Doveri degli Autori e delle Autrici
Gli Autori e le Autrici:
- assicurano di avere scritto contributi interamente originali. L’utilizzo del lavoro e/o delle parole di altri deve essere citato in maniera adeguata.
- riferiscono accuratamente nei contributi i riferimenti e le fonti della ricerca al fine di permettere ad altri di verificarne i risultati. Affermazioni inaccurate o false sono inaccettabili.
- non propongono contributi pubblicati o in corso di pubblicazione in altri periodici o volumi. Nel caso in cui il contributo venga successivamente pubblicato in altri periodici o volumi, sarà fatto espresso riferimento alla pubblicazione sulla Italian Review of Legal History.
- apportano le correzioni e integrazioni secondo la procedura sopra indicata (n. 10).
- se scoprono propri errori significativi o inesattezze negli articoli pubblicati, li comunicano alla Direzione affinché vengano ritrattati o corretti.
- sono tenuti a dichiarare eventuali conflitti di interessi nel momento in cui presentano le loro proposte e a segnalare eventuali finanziamenti o progetti relativi all’articolo.
Doveri delle/dei Referee
I/le Referee:
- se, per qualsiasi motivo, ritengono di non poter valutare il contributo o di non poterlo esaminare entro il termine stabilito, lo comunicano prontamente alla Direzione per essere esentati dalla revisione.
- trattano i materiali ricevuti con riservatezza.
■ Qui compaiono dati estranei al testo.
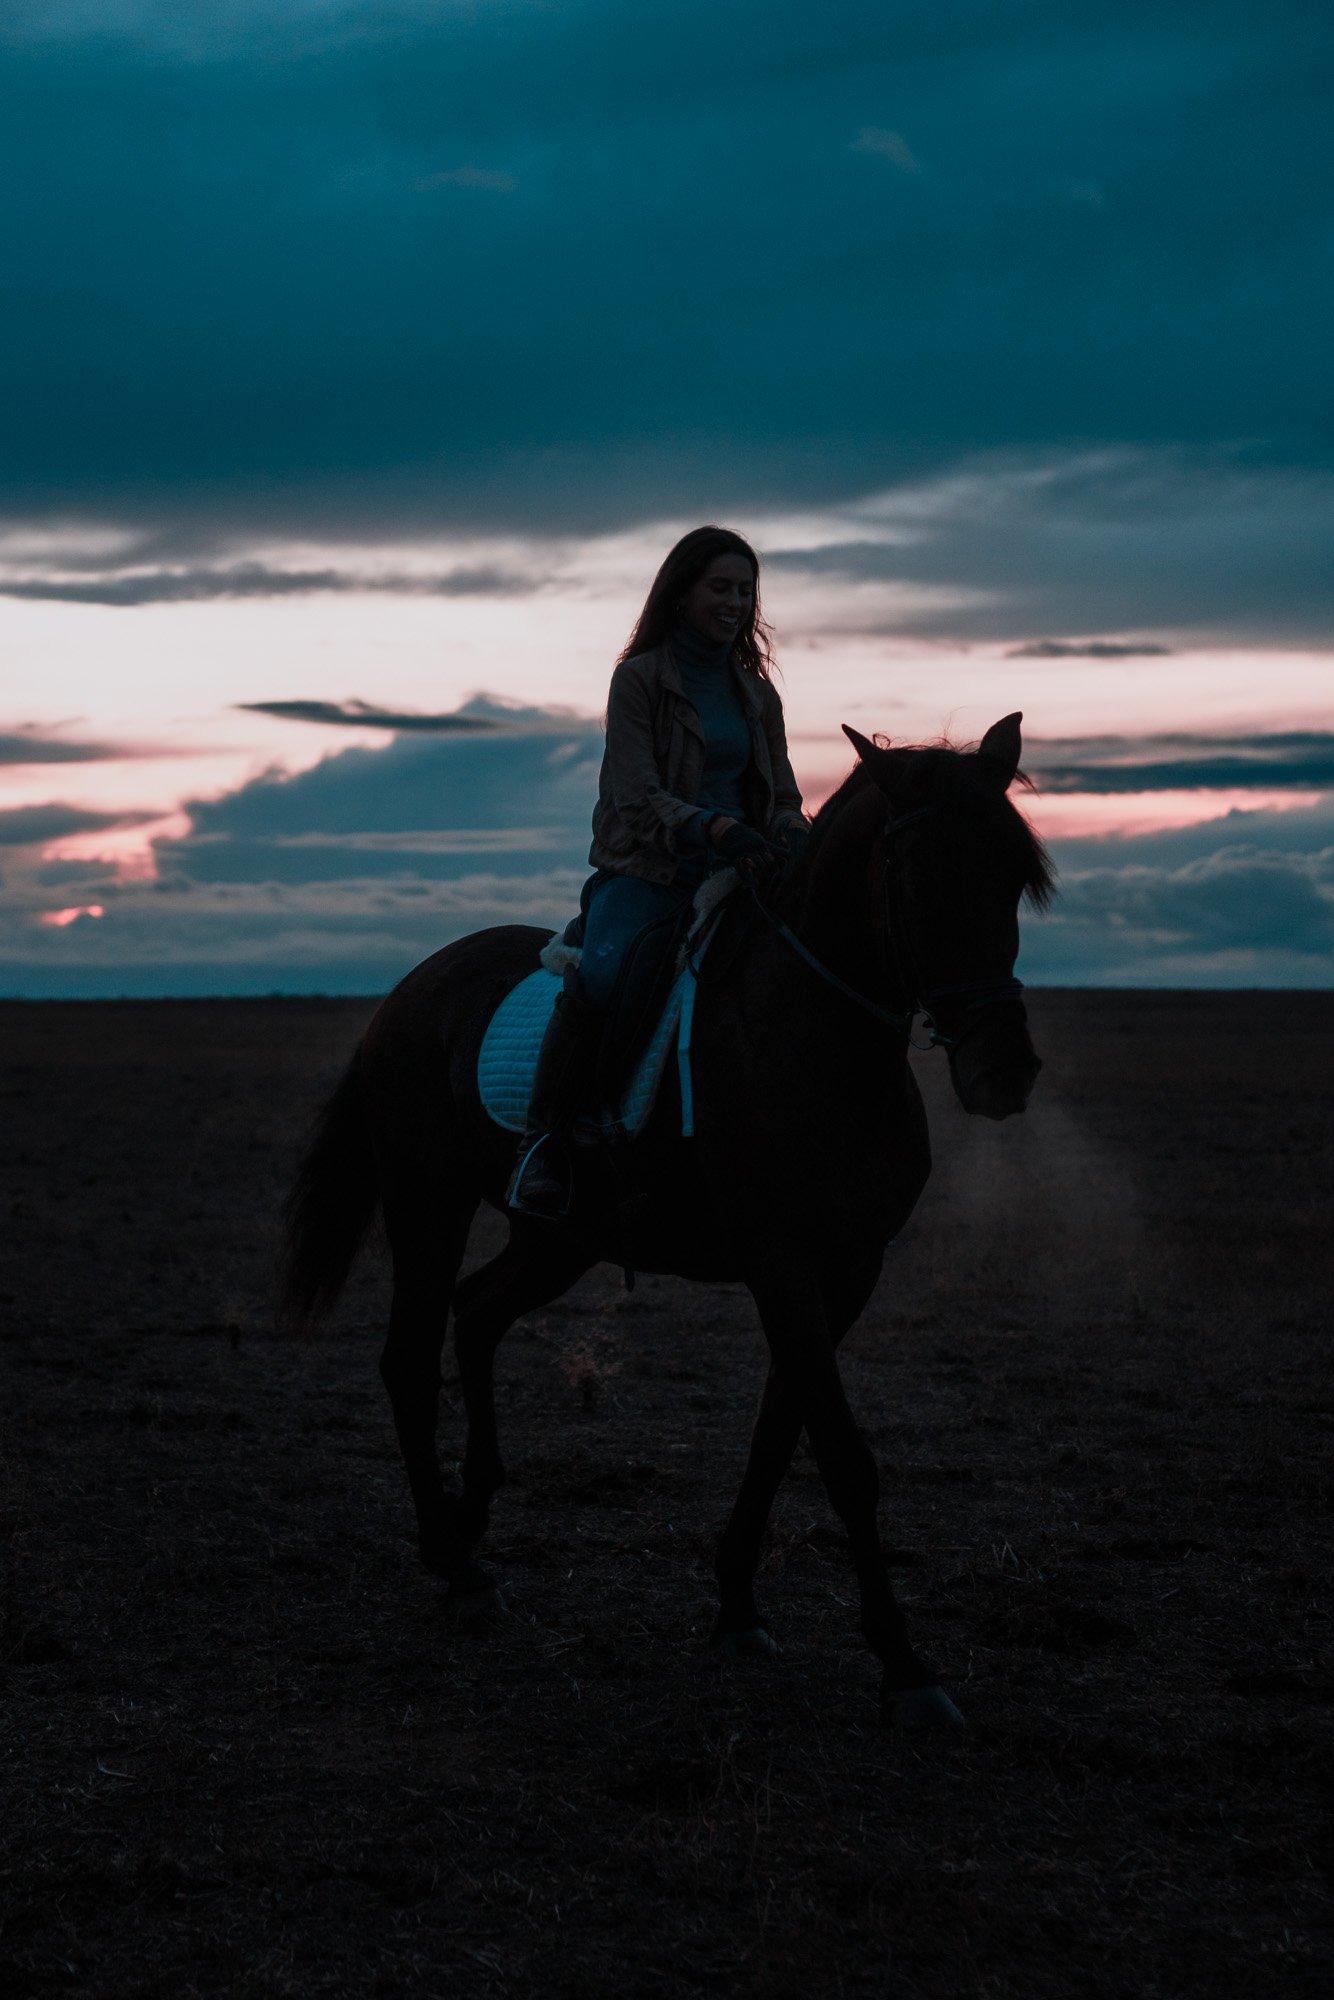 Atardecer caballo relinchando - Linzex

I contributi non devono essere mostrati o discussi con altri, salvo espresso consenso della Direzione e dell’Autore o dell’Autrice.
- conducono l’esame in maniera obiettiva entro il termine stabilito. I/Le Referee valutano l’originalità, il rigore scientifico, l’aggiornamento bibliografico e la forma espositiva del contributo. Se necessario propongono modifiche e indicano somiglianze sostanziali o sovrapponibilità tra il contributo e altri lavori di cui siano a conoscenza. Le segnalazioni devono essere accompagnate da citazioni pertinenti. Possono altresì inoltrare suggerimenti confidenziali alla Rivista ovvero suggerimenti all’Autore o all’Autrice.
- si impegnano a non esprimere critiche personali concernenti l’Autore o l’Autrice. I pareri devono essere motivati e espressi chiaramente.
- non utilizzano né comunicano ad altri il materiale contenuto in un contributo non pubblicato o non ancora pubblicato, senza l’espresso consenso della Direzione e dell’Autore o dell’Autrice.
Procedura di revisione
Gli articoli da pubblicare sono sottoposti a un processo di revisione tra pari a doppio cieco (double-blind peer review).
La Direzione assegna ciascun contributo a due Referee italiane/i o straniere/i, assicurando l’anonimato dell’Autore o dell’Autrice e sottolineando la riservatezza del contributo trasmesso.
Ai/alle Referee è richiesto di valutare ciascun contributo in base ai seguenti criteri: Originalità, Rigore scientifico, Aggiornamento bibliografico e Forma espositiva.
I/Le Referee potranno richiedere o consigliare modifiche ed esprimere SUGGERIMENTI all’/autrice/all’autore e suggerimenti confidenziali alla Rivista.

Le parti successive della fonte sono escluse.